Source: http://www.attac.ch/geneve/spip.php?article40

Ainsi, ces évènements ont regroupé différentes factions de partis communistes régionaux et
nationaux s’articulant autour d’une ligne maoïste et qui, jusqu’à maintenant, restent très
critiques face au soi-disant réformisme ou pluralisme associé au FSM.

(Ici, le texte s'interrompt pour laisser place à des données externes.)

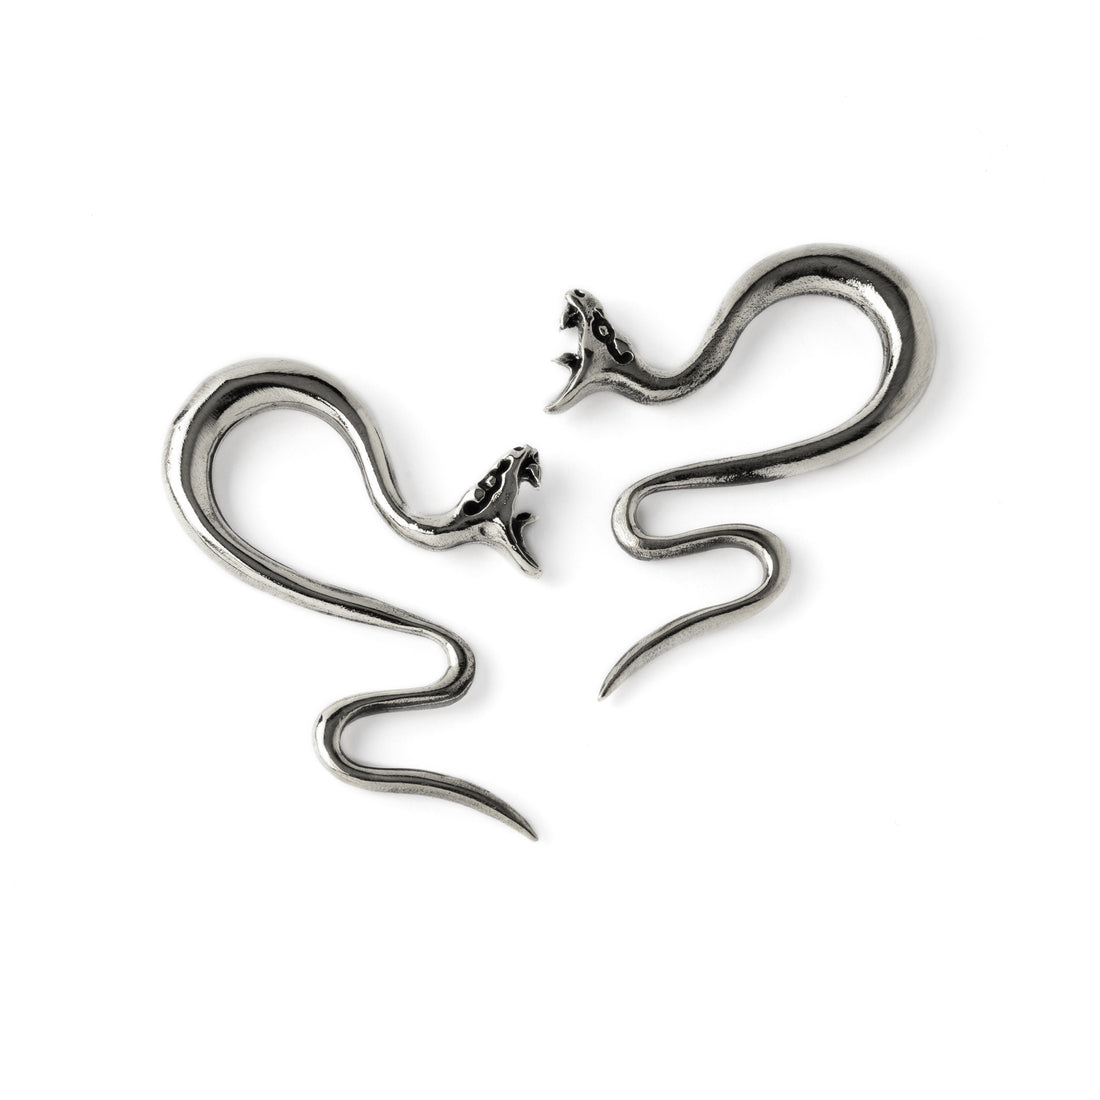 pair of serpent ear hangers for stretched ears size 4g, 2g, 0g frontal view

Saisir les interactions entre dynamiques locales et transnationales


Un deuxième élément déterminant qui explique les variétés des altermondialismes de la région
est de faire ressortir les dynamiques d’interaction entre la militance locale et transnationale.
Qu’il s’agisse des militants intellectuels des organismes membres de l’APRN, ou encore du
Migrant Asian Forum, tous et toutes sont venus à la mouvance altermondialiste transnationale
après avoir fait de la sensibilisation au niveau local et national. En fait, beaucoup ont gardé des
racines dans leurs propres luttes nationales, affirmant que l’engagement dans la sensibilisation
et les activités de plaidoirie de politiques au niveau régional ne les dissuadent aucunement
d’agir à un autre niveau. En fait, dans la plupart des cas, les militants altermondialistes sont
capables et intéressés à créer des jumelages et des coalitions entre différents types d’acteurs
agissant à différents niveaux (local, national, régional, international), de façon à pouvoir réagir à
des contextes politiques variés, en offrant à chacun une gamme différente de possibilités
politiques.

Les diverses formes de militance altermondialiste génèrent ainsi des identités partagées souvent
enracinées dans une même compréhension des problèmes. Elles débouchent aussi sur des
campagnes et des propositions communes qui peuvent être mises de l’avant lors des
rassemblements régionaux et internationaux, et mises en œuvre à la fois à l’échelle nationale et
de la région. La Déclaration sur la souveraineté alimentaire (ci-dessous) de 2004 constitue un
exemple intéressant de l’émergence d’une compréhension commune.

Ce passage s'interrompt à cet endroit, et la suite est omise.